We can dispense with the half-hearted suspense that’s driving the current political news cycle: Mitt Romney is going to win the New Hampshire primaries, and the purported “battle for who comes in second” doesn’t matter. Unlike with the Democrats in 1992, when Bill Clinton’s second-place finish to Massachusetts native Paul Tsongas let him sell himself as “the comeback kid” going into favorable territory in the South, neither Jon Huntsman nor Ron Paul, the putative runners-up in this charade, have the money/organization (Huntsman) or broader appeal (Paul) to make it happen.
The story we should all be watching is in South Carolina, where three once-anointed “conservative frontrunners” need to figure out which one of them is going to go on to the knockout round. South Carolina votes on the 21st, over a week after New Hampshire and with more than enough time for the bizarre results of Iowa to fade from people’s memories entirely. If anyone is going to stop Mitt Romney taking the Republican nomination (and I don’t think they will), it will need to be in the Palmetto State. Who’s most likely to overtake him? As we did in discussing strange potential scenarios in Iowa (none of which, I’d like to point out, actually happened), let’s talk about who’s most likely to stop Romney, from most to least likely.

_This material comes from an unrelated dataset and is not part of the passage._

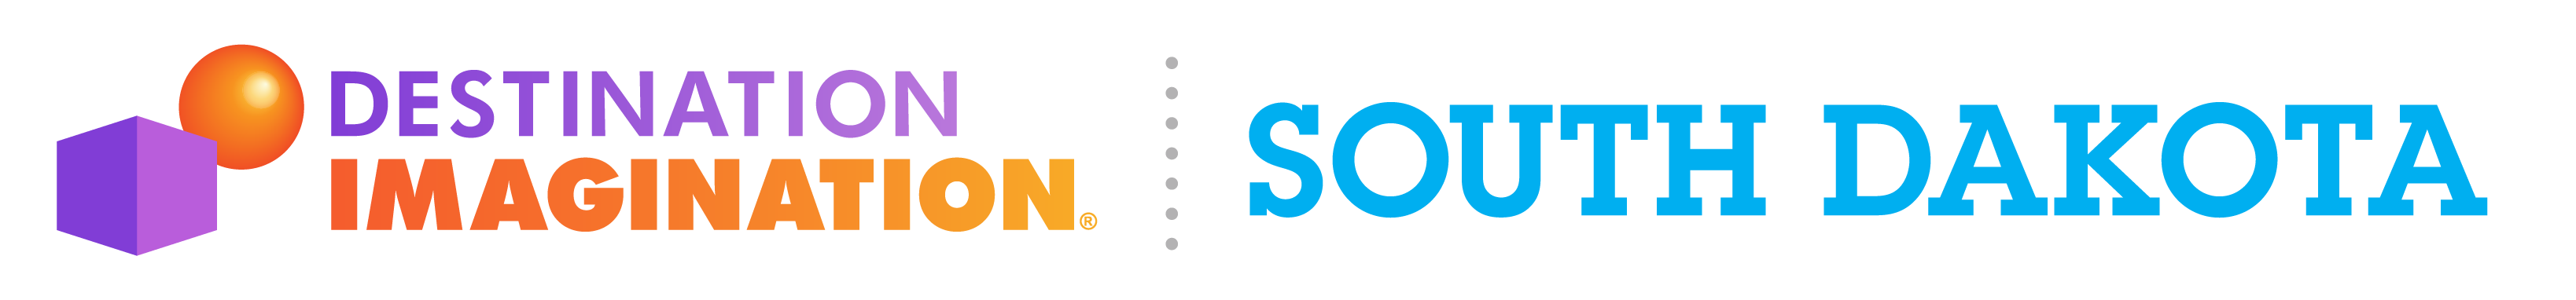 travel south dakota logo

Newton Leroy Gingrich’s worst enemy is himself. There’s no other conceivable explanation for why a man who was in the lead in Iowa, South Carolina and Florida decided to run a lackluster “positive/unconventional” (read: lazy) campaign that netted him a better-than-expected fourth place finish in the first contest. For him to come back and win now would speak boundlessly to the dysfunction of the Republican Party in its rejection of a man who worked for four years to build a national organization in favor of a nominee who literally let the nomination slide off his slovenly lap. Newt likes to play historian, so to put this in context for him, it’d be like when the Democrats nominated John Davis on the 103rd convention ballot in 1924 after their tenuous voting alliance between the South, Mountain West, and Northeast fell apart over racism. If anyone deserves to lose this race, it is Newt Gingrich.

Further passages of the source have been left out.